If you find that you don’t feel this pull towards your partner, it could be a sign of lacking physical chemistry.

It’s not something that can be forced or faked. It’s a natural, instinctive reaction that either exists or it doesn’t.

This pull makes you feel drawn to someone on a deeper level, feeling connected to them in a way that goes beyond words.

If this feeling is missing in your relationship, it might be time to evaluate your physical connection.

Final thoughts

Looking back, I can see how those little signs added up.

A missed touch here, an awkward kiss there, and soon enough, I realized our physical chemistry wasn’t where it needed to be.

And that’s okay—relationships are complicated, and chemistry can sometimes fade without us even noticing.

It doesn’t mean things have to end, but it does open up a space for honest conversations and maybe even a chance to rebuild that connection.

Every relationship is unique, and it’s worth exploring what works for both of you.

So, take a moment to check in with yourself. If these signs hit close to home, it’s not the end of the world—it’s just a chance to rethink and maybe rekindle what’s there.

Trust me, paying attention to the little things can make all the difference.

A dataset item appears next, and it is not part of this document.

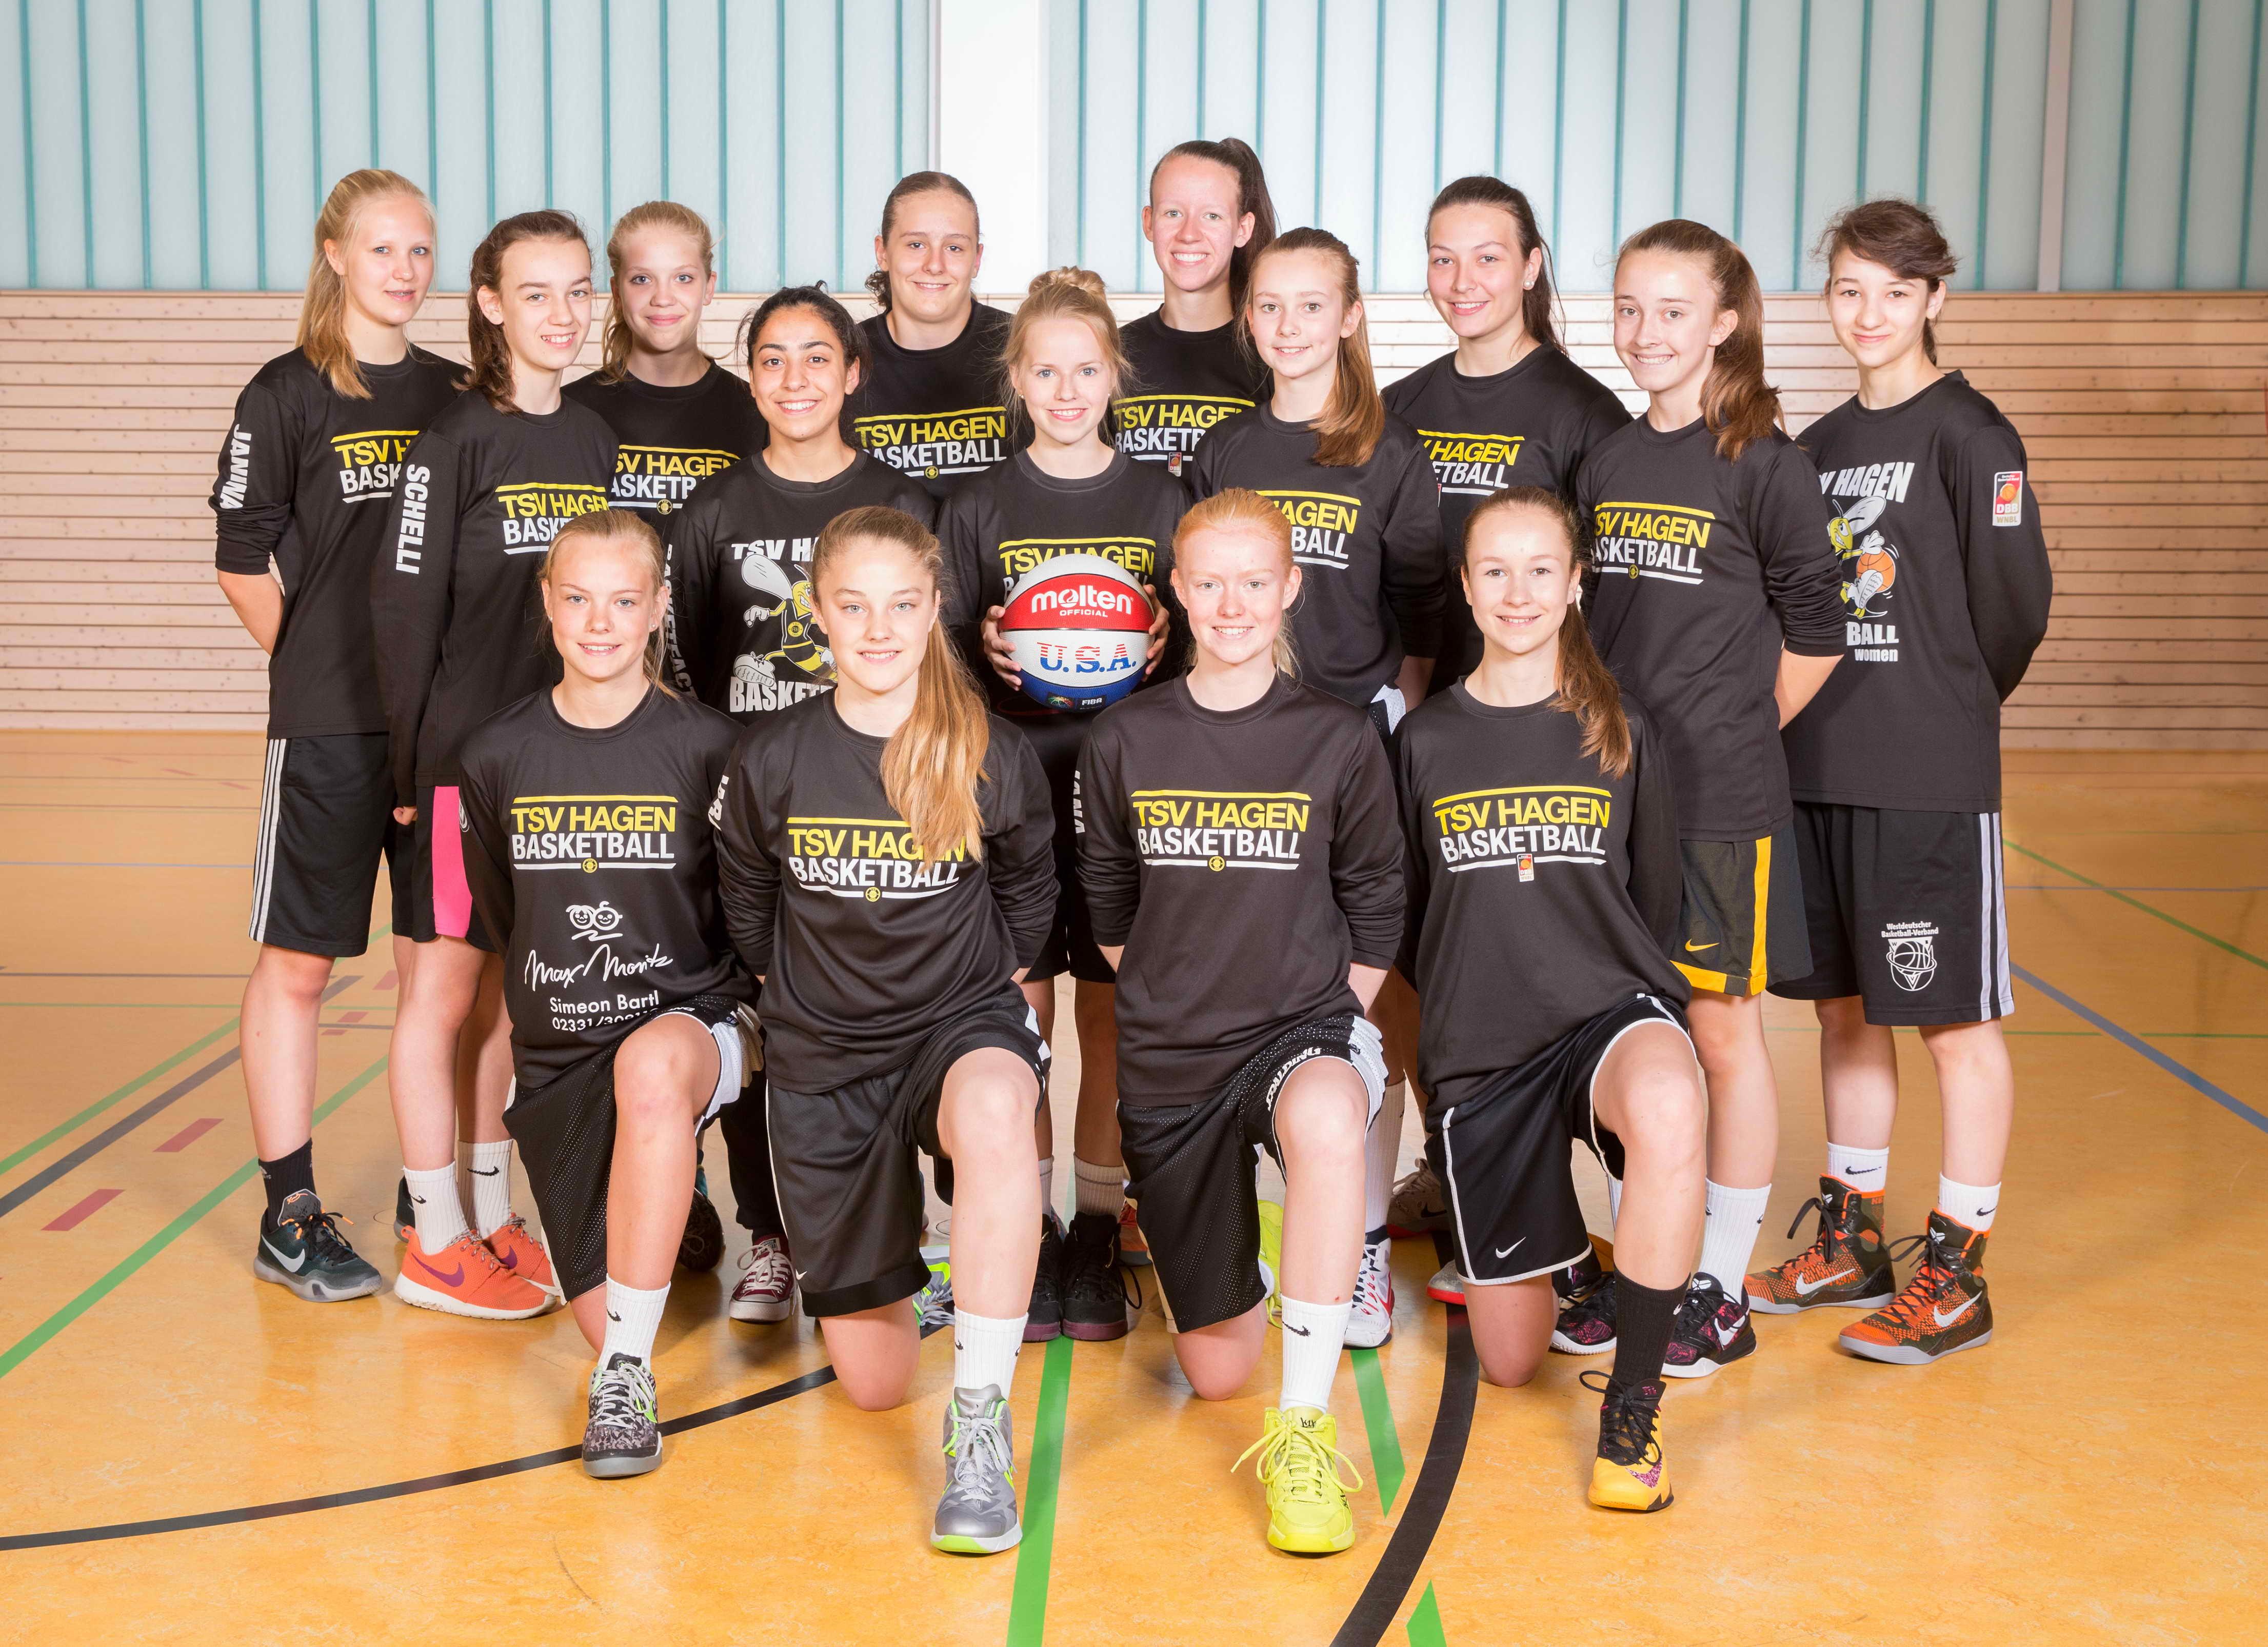 TSV Hagen Teamfoto U17/1  WNBL-Mannschaft

After all, every relationship is unique, shaped by the individuals involved and their unique chemistry – both physical and emotional.

Understanding this complexity is a journey in itself, one that can lead to deep self-discovery and personal growth.

So take some time to reflect on these signs.

Listen to what your body and heart are telling you. And know that acknowledging these feelings is a huge opportunity for growth.